What is **transfer learning**?
Transfer learning is taking the parameters of what one model has learned on another dataset and applying to our own problem.

* Pretrained model = foundation models

For example, we can take the patterns a computer vision model has learned from datasets such as ImageNet (millions of images of different objects) and use them to power our FoodVision Mini model.

## 0. Getting Setup

In [1]:
import torch
import torchvision

import matplotlib.pyplot as plt
import torch
import torchvision

from torch import nn
from torchvision import transforms

# Try to get torchinfo, install it if it doesn't work
try:
  from torchinfo import summary
except:
  print("[INFO] Couldn't find torchinfo....installing it.")
  !pip install -q torchinfo
  from torchinfo import summary

[INFO] Couldn't find torchinfo....installing it.

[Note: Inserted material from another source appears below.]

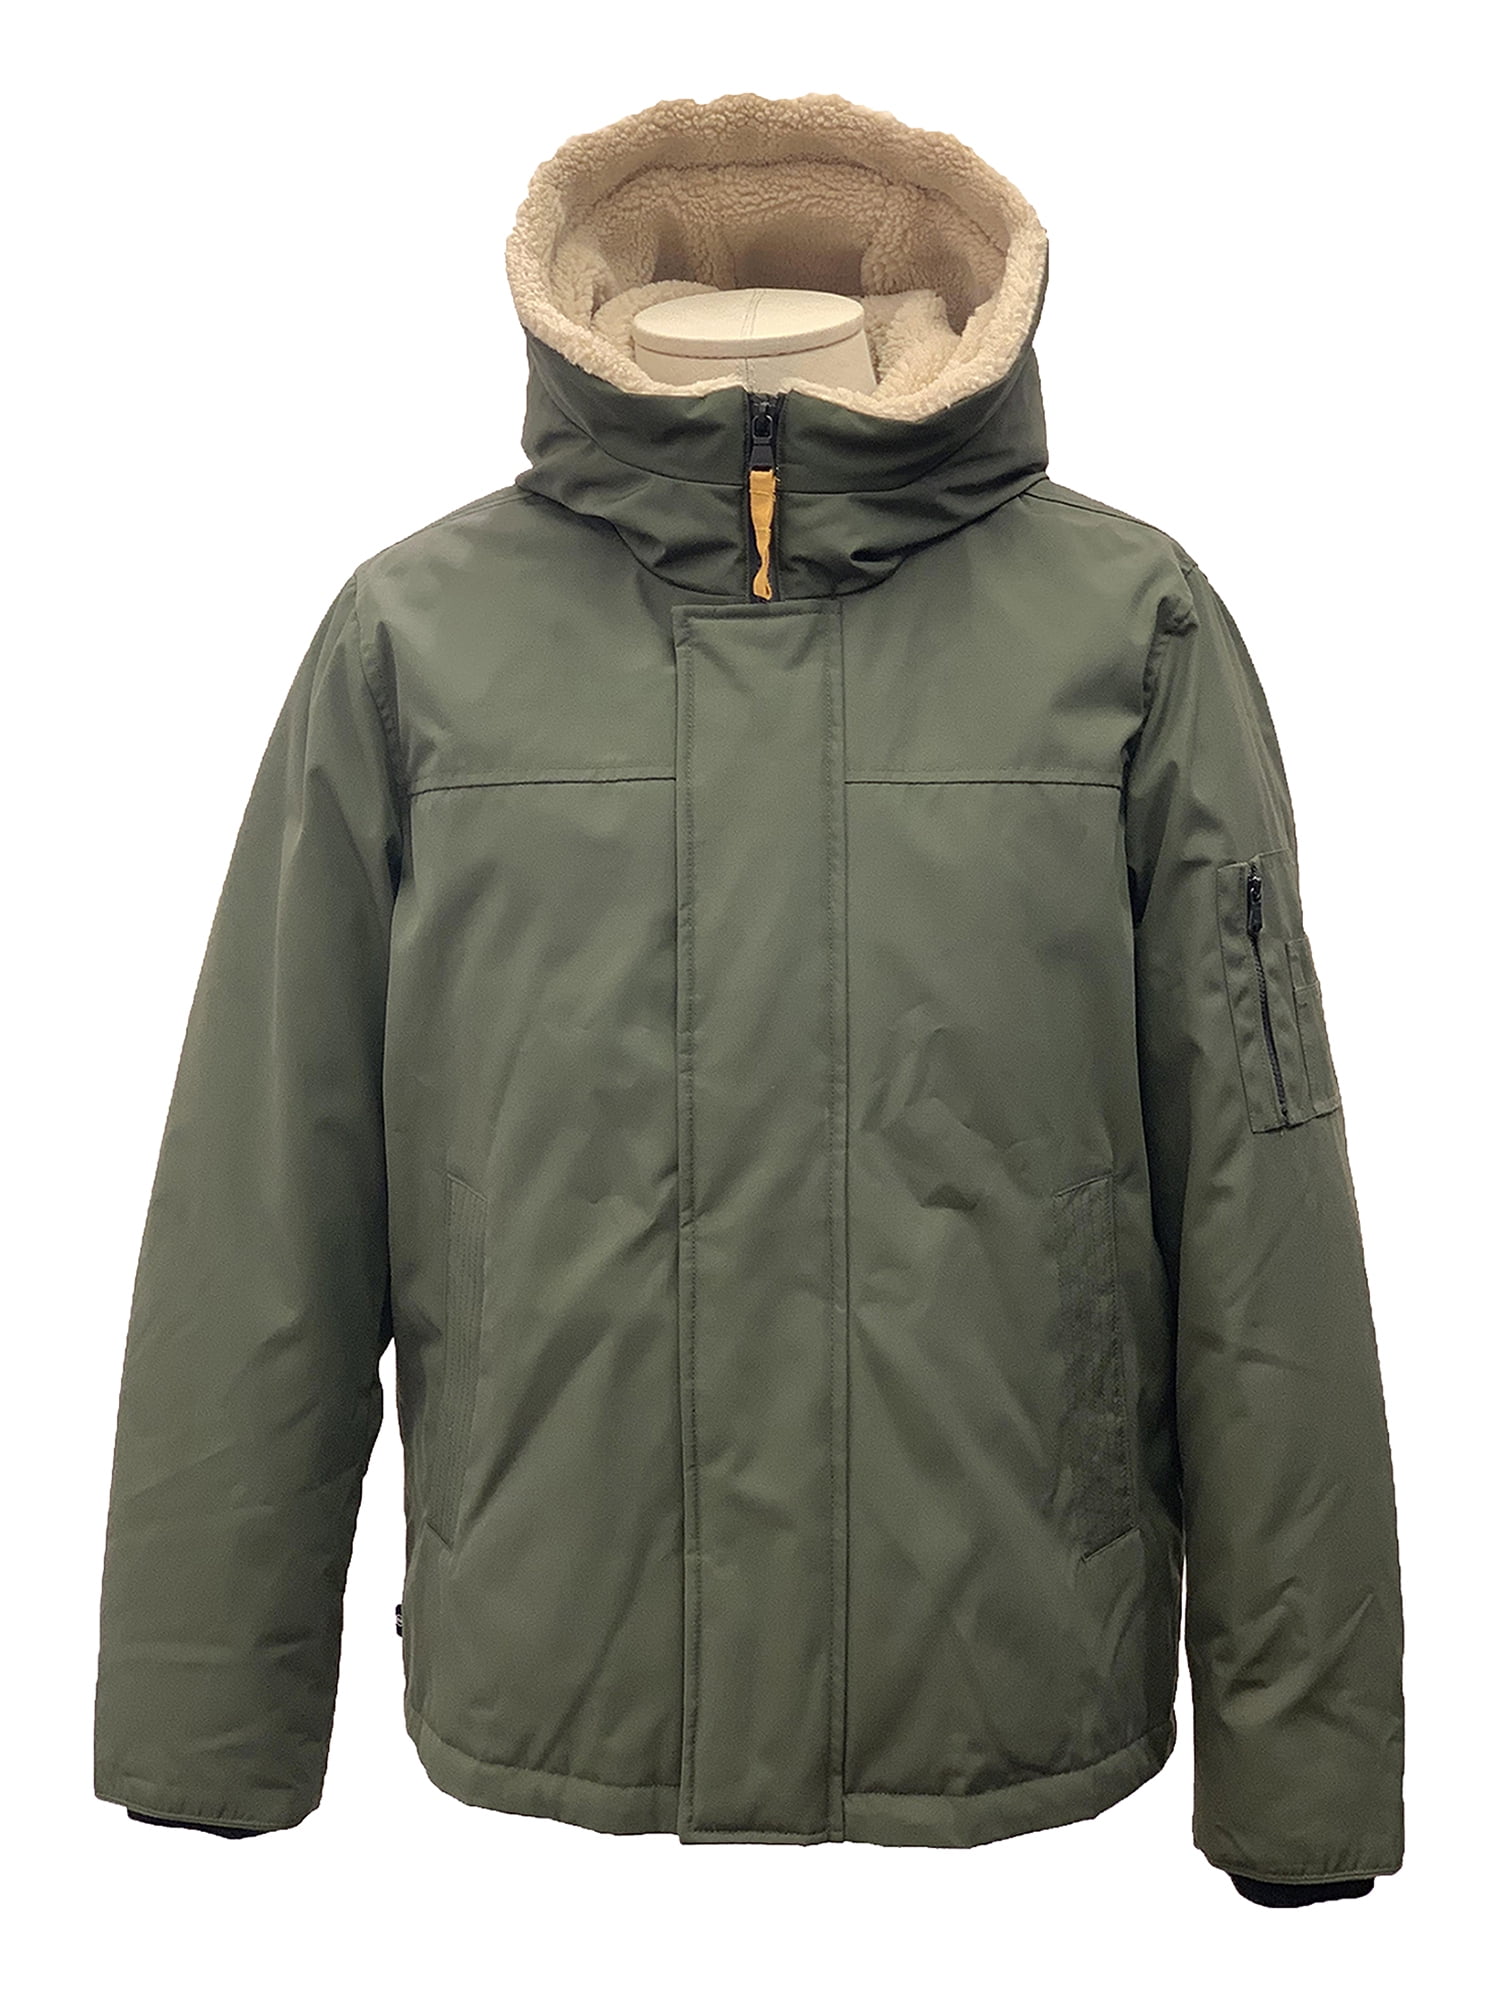 IZOD Men's Hooded Sherpa Trimmed Bomber Jacket - Walmart.com
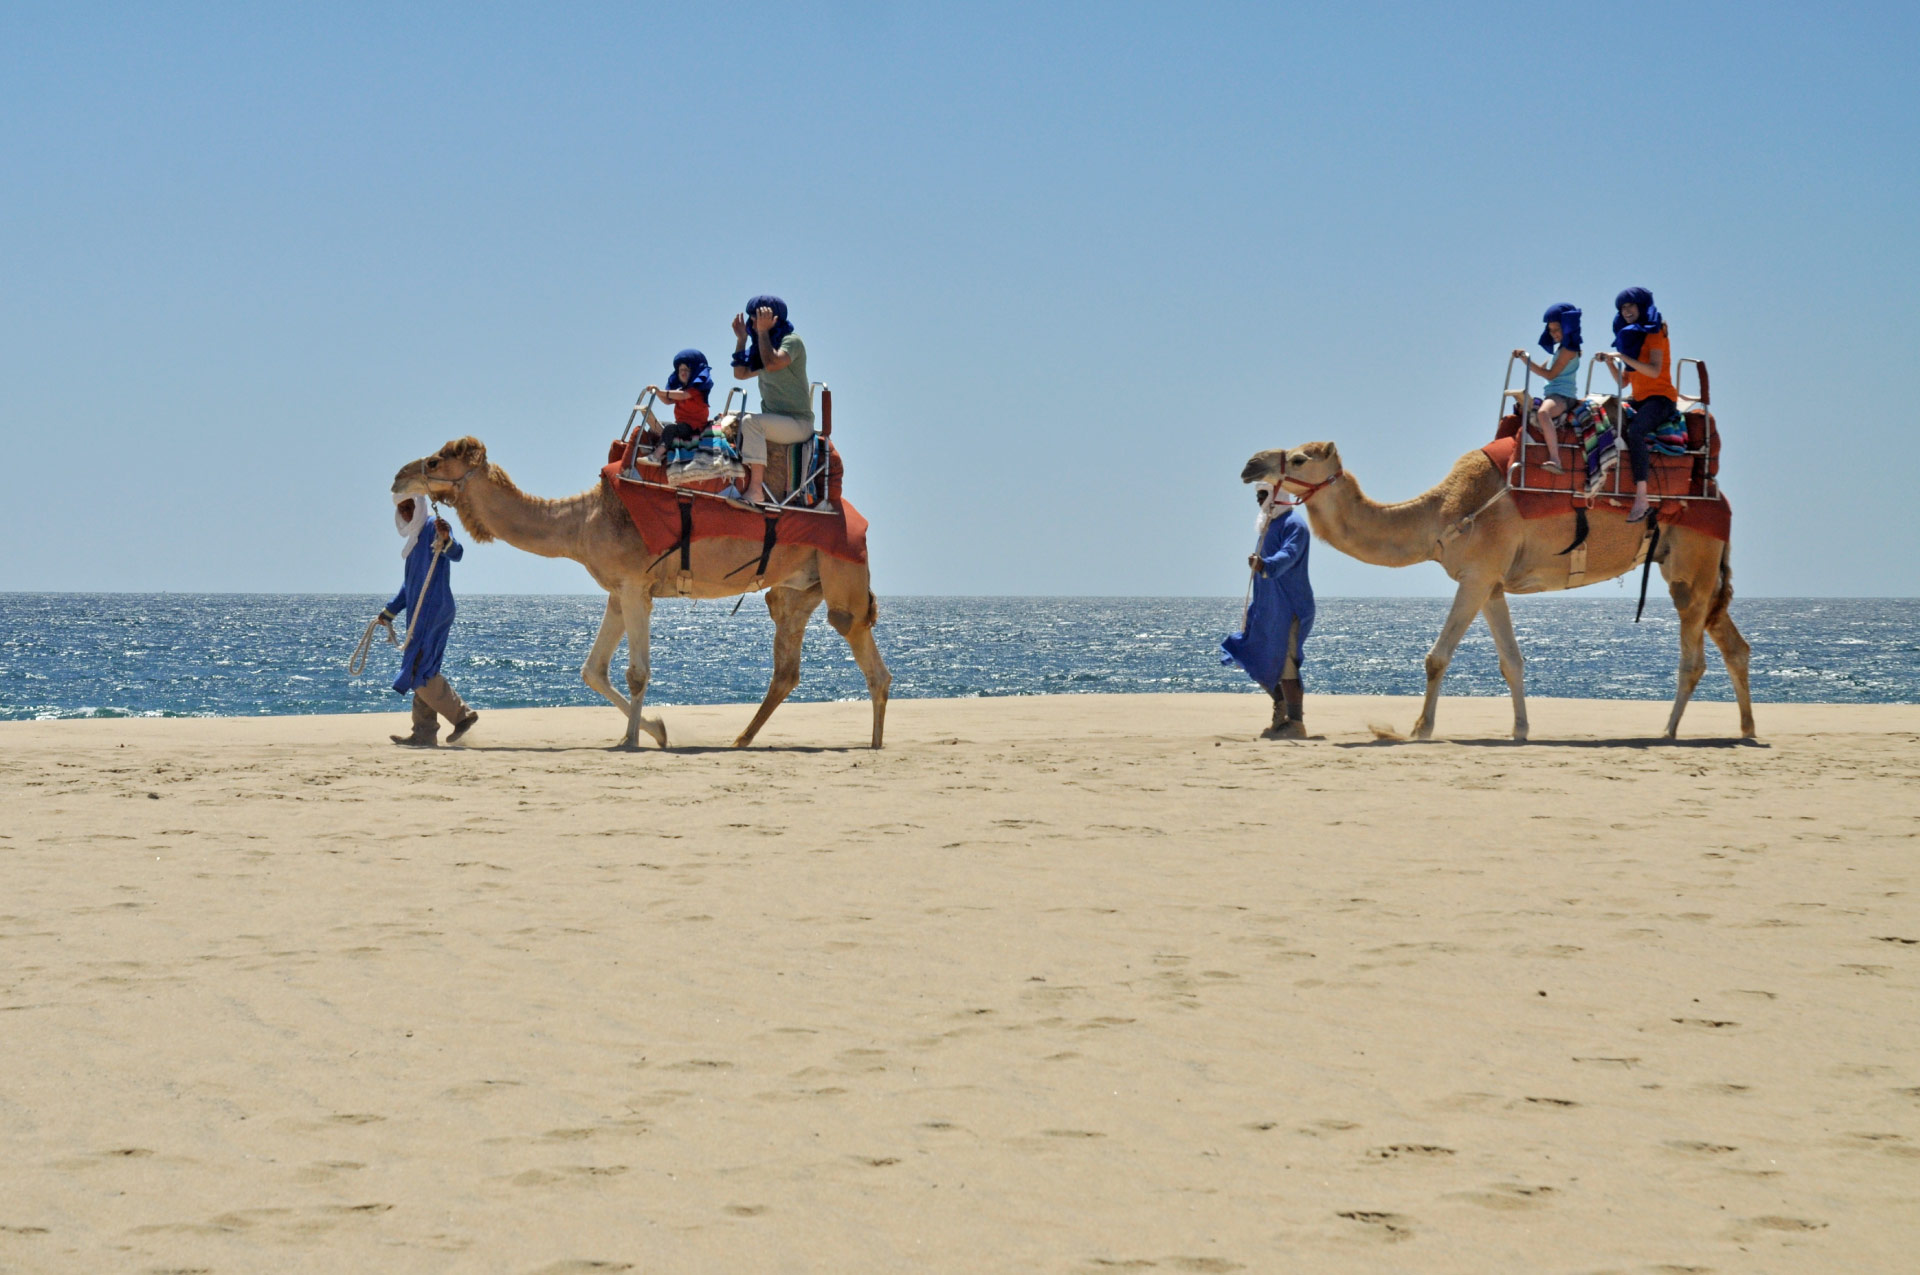 Camel ride Los Cabos Baja California Sur, Mexico

Instead of writing all of the code again, lets download the `going_modular` directory that we created in the previous module.

In [2]:
# Try to import the going_modular directory, download it from Github if it doesn't work
try:
  from going_modular.going_modular import data_setup, engine
except:
  # Get the going_modular scripts
  print("[INFO] Couldn't find going_modular scripts...downloading them from Github.")
  !git clone https://github.com/mrdbourke/pytorch-deep-learning
  !mv pytorch-deep-learning/going_modular .
  !rm -rf pytorch-deep-learning
  from going_modular.going_modular import data_setup, engine

[INFO] Couldn't find going_modular scripts...downloading them from Github.
Cloning into 'pytorch-deep-learning'...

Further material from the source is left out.